There’s two streams of work involved:

  1. Technically constructing reports: creating charts, moving pixels around on the page
  2. Building trust in those reports: by communicating the work that’s been done at the transformation layer (data testing, source freshness reporting, documentation)

These two streams of work are equally important — if users don’t trust the underlying data, then reporting loses its utility.

Owned by #

Reporting builds are generally owned by data analysts (known as BI analysts on some teams).

Analytics engineers contribute by scoping out which elements (data joins, metric calculations) should live at the transformation layer (in dbt in our case) or within the data visualization tool.

Analytics engineers don’t deliver the answers to an analyst’s questions; they make all relevant data available in the best format for querying, so the business analyst can answer those questions on their own.

Downstream dependencies #

What’s downstream of reporting? Your business users’ trust!

Most businesses run on reports. Whether you think that’s good or not (I can confess to having written a blog post titled “Delete your KPI Dashboard”), it is the way of the world.

Reporting therefore has the most eyeballs on it, and the largest potential to ruin someone’s day when things break. Low-reliability reporting can crush a team’s faith in data.

Prerequisites #

The analyst and analytics engineer must build a shared understanding of what belongs in transformation code, and what belongs in reporting.

The boundary can be somewhat blurry, so deciding what transformations should be done where can be case-dependent.

Generally speaking, transformations in dbt should gear towards producing clean feature + dimension tables, with no risk of fanout for your BI tool user.
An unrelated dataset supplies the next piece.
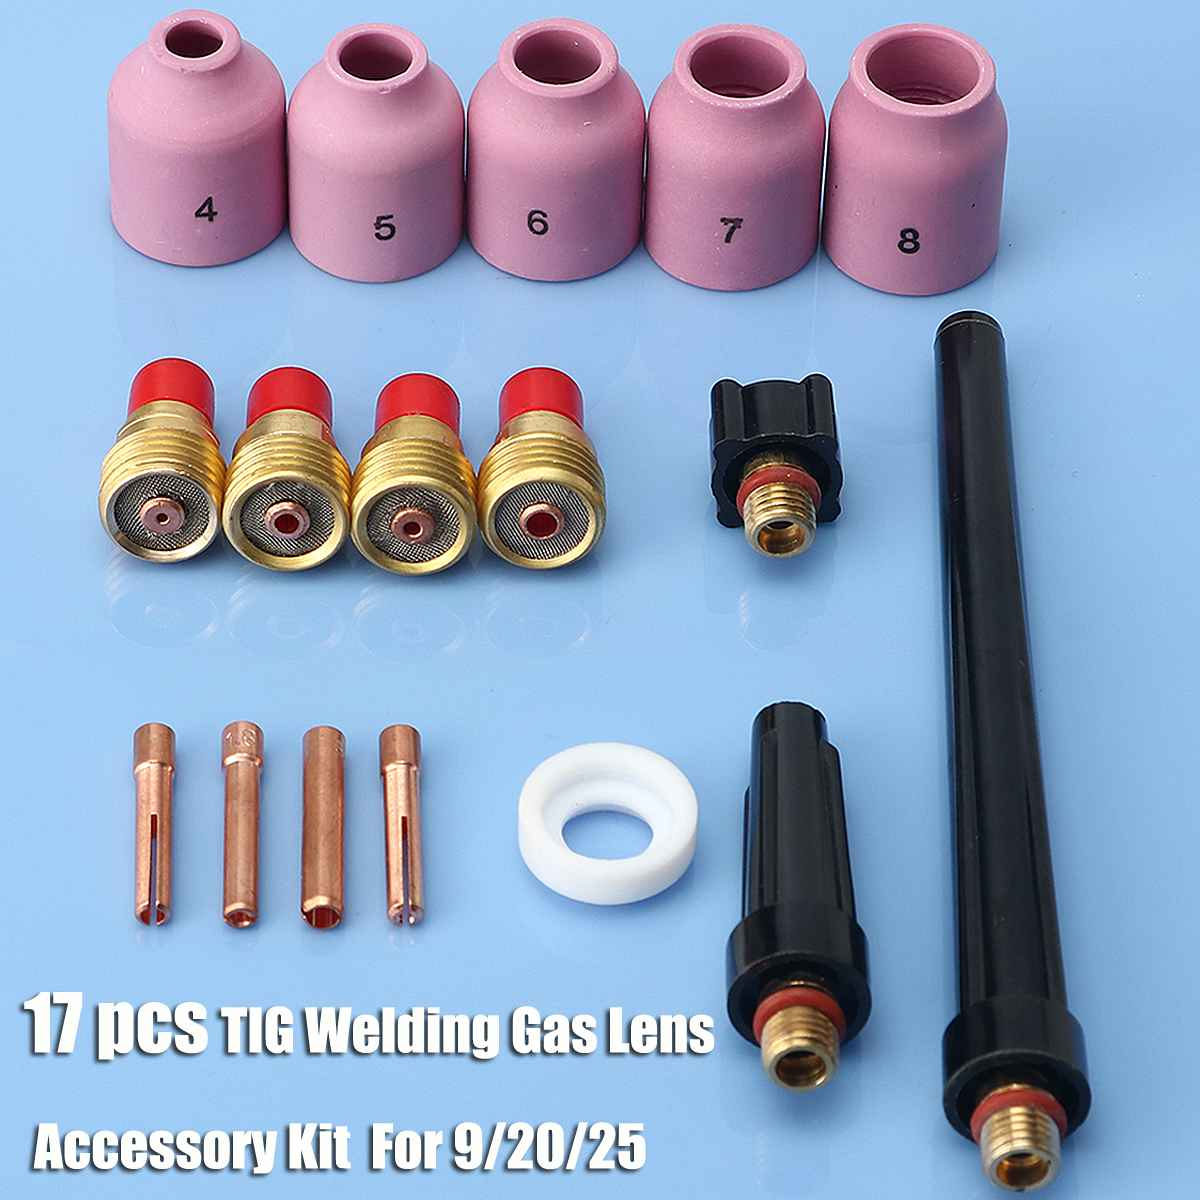 Heißer Verkauf 17 stücke Wig-schweißbrenner Gas Objektiv Zubehör Full Kit Set für WP9/20/25 Serie 0.040

The BI layer should remain thin and flexible, and be ready to answer business questions with minimal additional work (limited joins or renaming of fields). To summarize this split:

dbt-appropriate processes BI-appropriate processes
- any critical business logic - on the fly aggregations
- best agreed on versions of a model - joins qualified by user input
- complex SQL - ad hoc queries
- multipurpose code - select-star SQL that feeds R, Python, JS (custom viz)
- version-controlled items  

The backstory: how this came to be #

If I were to ask you questions like, “what do you use your BI tools for” and “what should you use them for,” what would be your answer?

I can tell you what your answer should be — you should use BI tools for the things they’ve always been good at:

  • Presenting a flexible interface where users can point, click, filter, or drill down as needed
  • Making data accessible to less-technical users
  • Telling a well-scripted, beautiful data-driven story
  • Providing stunning visualizations right out of the box with little code work required
  • Offering bonus features such as dynamic user input, alerting, scheduling, and PDF/CSV generation

BI tools like Tableau, Metabase, Mode, Looker (and more!) offer a way to grab hold of data in different ways and illustrate its present impact.

Whether you’re looking at flight data, sales figures, consumer transactions, or biometric stats — with access to the correct sources and a well-trained user, BI tools make the data speak for itself.

But for all of their capabilities, there are many tasks we push them to do that they’re not so good at, which is where dbt comes in:

  • BI tools can’t do hard thinking about multilayered data transformation with complex order dependencies.
  • They cannot enforce single sources of truth (defining, documenting, centralizing business logic).
  • BI tools are unable to maintain separate data environments, such as those for testing or version control.
  • They’re poor at running multiple non-performant SQL scripts concurrently.
  • They don’t offer the ability to manage user access to sensitive data.

Harking back to the intro to the transformation section, dbt entered the modern data stack back in 2016 to specifically solve these problems.